Transplant Patient Making the Most of Life She Was Never Supposed to Have
Conventional wisdom says Kim Shobe should not be alive right now. One of Mayo Clinic's early lung transplant patients, Kim received a single-lung transplant in January 1992, less than two years after Mayo began offering the procedure in Rochester. She was patient No. 7. At the time, the average survival rate for lung transplant patients was only about five years. Kim is clearly above average.

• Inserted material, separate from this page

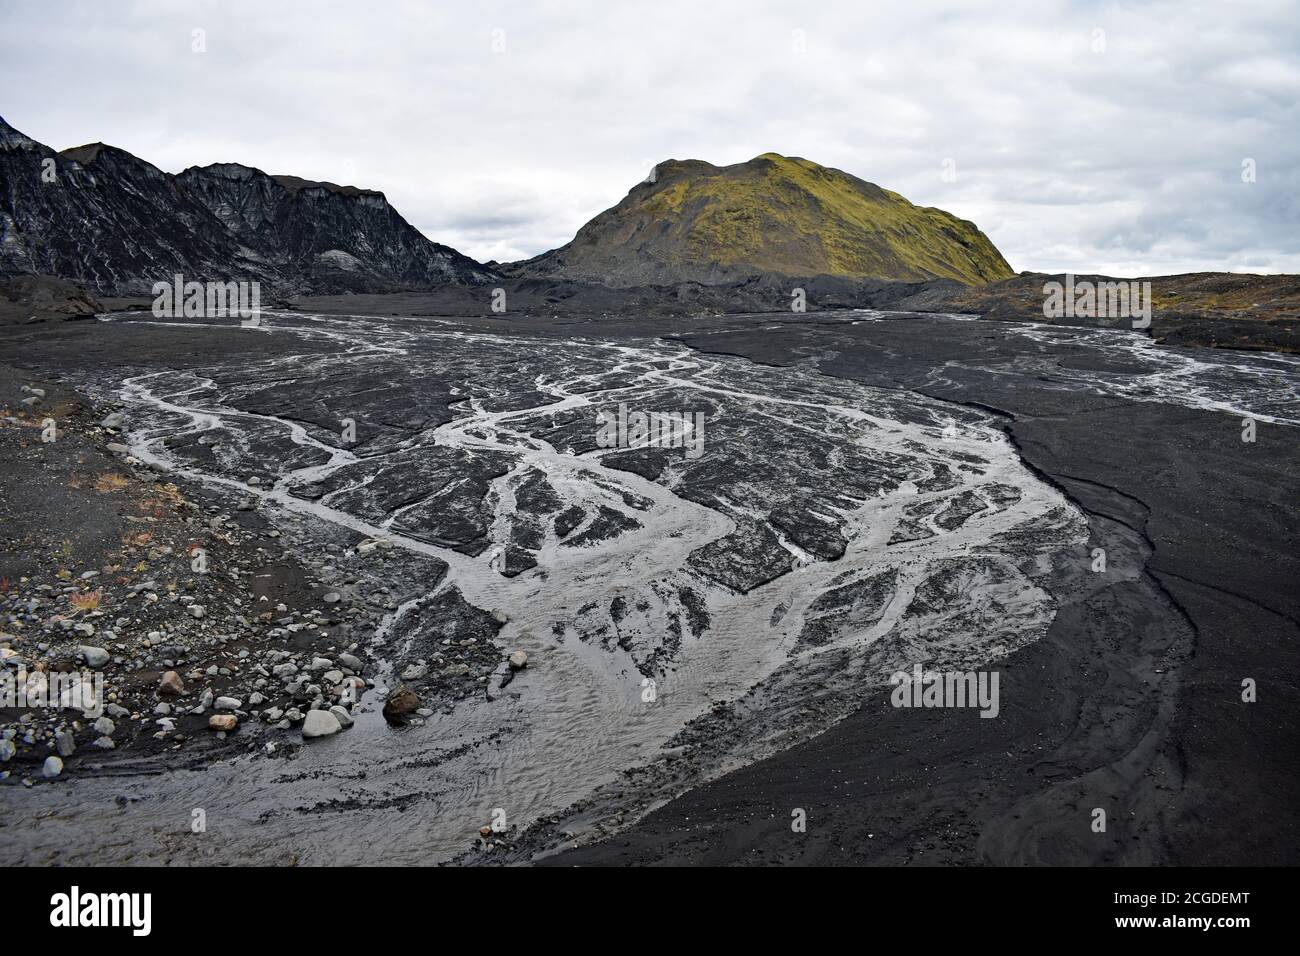 La sabbia vulcanica nera copriva il Ghiacciaio di Kotlujokull, un ghiacciaio di uscita di Myrdalsjokull. L'acqua di ghiaccio fusa crea un modello sulla sabbia. Islanda Foto Stock

Today, Kim is a happy, healthy, 61-year-old retiree who's celebrating a 25th anniversary of life after transplant. "My doctors have asked me for years what my secret is," Kim tells us. "I always tell them it's because I stay up late at night and eat junk food."
All jokes aside, Kim tells us if there is a secret to her long-term survival, it's that she hasn't allowed herself to "dwell on the negative." Instead, Kim says she's spent the past 25 years living her life in five-year increments — with the start of each new calendar year just one more unexpected gift to be taken full advantage of. "I don't want to sound too virtuous here, but I think it allowed me to not worry about some of the things that I might have otherwise worried about," she says of her original post-transplant prognosis. "It's also made me more apt to go after things in life that I might have otherwise put off if I thought, or knew, that I had more time."
Things like getting her master's degree. Kim had started working on her MBA when she first got sick, but had to put her studies on hold. A year after her transplant, however, Kim was back in school and finishing up the "three or four" classes she had left. "I think most people would have thought, 'Why bother?' But I looked at it as a chance to do one more thing in life that I might not have otherwise gotten a chance to do."
That MBA would also turn out to be Kim's ticket to another unexpected life adventure: a career in international sales that took her all over the world. "It was the kind of job I'd always dreamed of having," she tells us. "It was just one more chance to do something I thought might never be possible."
And while there's also been some bad to go with all of that good over the years, Kim tells us that having a lung transplant has been worth every additional second of life that she's been given as a result. "I think that if it had only been that original five years of additional life, it would have still been worth it, because the change in my health was so miraculous," she tells us. "When I woke up after the transplant, I could take a deep breath again. That alone made everything worthwhile."